Дом по фасаду был прикрыт каштанами, как стеной. И только к парадному, в глубину садика вел полукруглый, как в метро, тоннель. Плиты дорожки были еще темны от дождя, о котором в городе должно быть уже все позабыли, так он давно лил. Пахло мокрой землей и древесной корой. Зеленый тоннель, каштаны, этот сырой земляной запах понравились Егору. И когда он вошел в квартиру с указанным номером и здесь почувствовал запах леса и земли, состояние обманутости, в котором он все еще находился, уступило место другому состоянию: то ли это было чувство родного дома, то ли чувство друга. В поездках он научился дорожить этим чувством. Бывает, что приходит оно от общения с тем же администратором, без которого никто и никогда не сможет обойтись, если шляется по стране из конца в конец. Бывает, что настольная лампа в чужом гостиничном общежитии приведет за собой это дорогое состояние души. А то вот запах земли и древесной коры.

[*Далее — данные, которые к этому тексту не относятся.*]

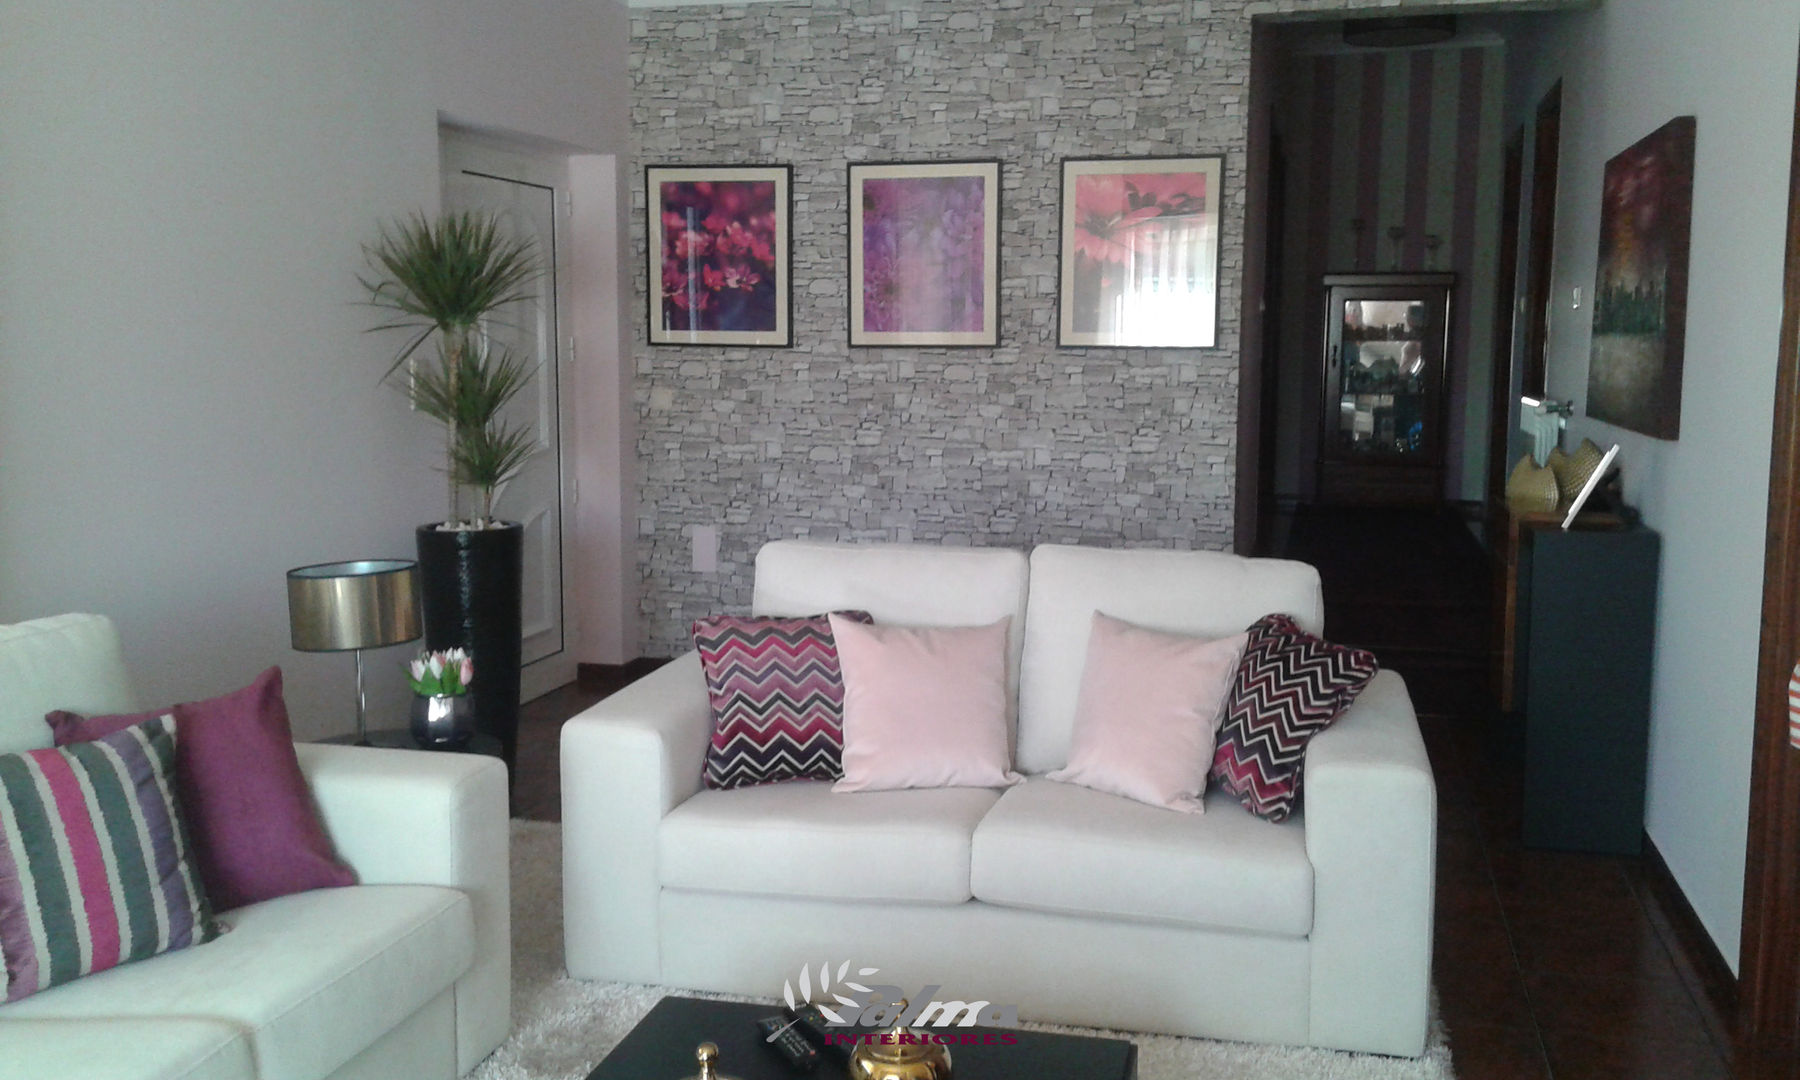 Sala SPRING, Palma Interiores Palma Interiores Salas de estar modernas sofá,almofadas,plantas de interior,quadros,papel de parede,Sofás e divãs

— Это вас устроит? — спросила женщина лет сорока пяти, чуть постарше его, а может, ему показалось, что постарше, — голос у нее был какой-то потухший, да и в комнате, за окном которой качался зеленый каштановый сумрак, не хватало света. Она держала в руках бумажку, поданную Егором, так бережно, будто это были деньги, уплаченные вперед.

— Вполне, — сказал Егор. — Жаль, что приехал сюда накоротке.

Он не видел тени, скользнувшей по ее лицу — на этот раз в «Паласе» забыли о ее просьбе не посылать тех, кто приезжает не надолго, но ничего теперь не поделаешь.

— Самолетом или поездом? Когда будете мыться?

— Самолетом. Если вам удобно, я хотел бы ванну перенести на вечер.

— Это удобно, — сказала она и к чему-то прислушалась. За стеной раздался женский голос.

— Хозяйка просит, — сказала женщина, ее звали Апполинария, или тетушка Апо. — Совсем слабая стала. Как почувствует себя плохо, начнет молитвы читать. Слышите?

За стеной слышалась скороговорка — на всех языках, должно быть, молитвы читают одинаково.

В его комнате стояла железная кровать, напротив диван, круглый стол, кажущийся тут случайным и лишним, старое темное трюмо с темными зеркалами и в темных рамках фотография. Молодой парень с лейтенантскими кубиками в петлицах. Женщина с прической а-ля-делегатка, или, как теперь говорят, под-мальчишку. Две девочки — от пеленок до задиристых чубов и челок.

Семейные фотографии, как романы, рассказывают о судьбе поколений, только короче и сдержаннее. Снимки эти из России. Что за судьба смотрит с них?

В углу на тумбочке молчал о себе телефон. Егор обрадовался ему больше всего. Он сейчас разыщет Эйнара и встретится с ним. А завтра в Ленинград. Главные дела у него в Ленинграде. Он еще не знает, как ему сойдет отклонение от маршрута.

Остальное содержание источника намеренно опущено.